Hi Matthew,
maybe it is not the best place to discuss problems of pandas, but to show that I am not missing something, let's consider a simple example.
# simplest DataFrame
x = pandas.DataFrame(dict(a=numpy.arange(10), b=numpy.arange(10, 20)))
# simplest indexing. Can you predict results without looking at comments?
x[:2] # returns two first rows, as expected
x[[0, 1]] # returns copy of x, whole dataframe
x[numpy.array(2)] # fails with IndexError: indices are out-of-bounds (can you guess why?)
x[[0, 1], :] # unhashable type: list
just in case - I know about .loc and .iloc, but when you write code with many subroutines, you concentrate on numpy inputs, and at some point you simply forget to convert some of the data you operated with to numpy and it continues to work, but it yields wrong results (while you tested everything, but you tested this for numpy). Checking all the inputs in each small subroutine is strange.
Ok, a bit more:
x[x['a'] > 5] # works as expected
x[x['a'] > 5, :] # 'Series' objects are mutable, thus they cannot be hashed
lookup = numpy.arange(10)
x[lookup[x['a']] > 5] # works as expected
x[lookup[x['a']] > 5, :] # TypeError: unhashable type: 'numpy.ndarray'
x[lookup]['a'] # indexError
x['a'][lookup] # works as expected
Now let's go a bit further: train/test splitted the data for machine learning (again, the most frequent operation)
from sklearn.model_selection import train_test_split
x1, x2 = train_test_split(x, random_state=42)
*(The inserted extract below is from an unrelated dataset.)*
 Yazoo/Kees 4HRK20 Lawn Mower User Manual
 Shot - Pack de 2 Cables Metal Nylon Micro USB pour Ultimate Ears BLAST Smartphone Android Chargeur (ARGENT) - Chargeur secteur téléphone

# compare next to operations with pandas.DataFrame
col = x1['a']
print col[:2] # first two elements
print col[[0, 1]] # doesn't fail (while there in no row with index 0), fills it with NaN
print col[numpy.arange(2)] # same as previous
print col[col > 4] # as expected
print col[col.values > 4] # as expected
print col.values[col > 4] # converts boolean to int, uses int indexing, but at least raises warning
Mistakes done by such silent misoperating are not easy to detect (when your data pipeline consists of several steps), quite hard to locate the source of problem and almost impossible to be sure that you indeed avoided all such caveats. Code review turns into paranoidal process (if you care about the result, of course).
Things are even worse, because I've demonstrated this for my installation, and probably if you run this with some other pandas installation, you get some other results (that were really basic operations). So things that worked ok in one version, may work different way in the other, this becomes completely intractable.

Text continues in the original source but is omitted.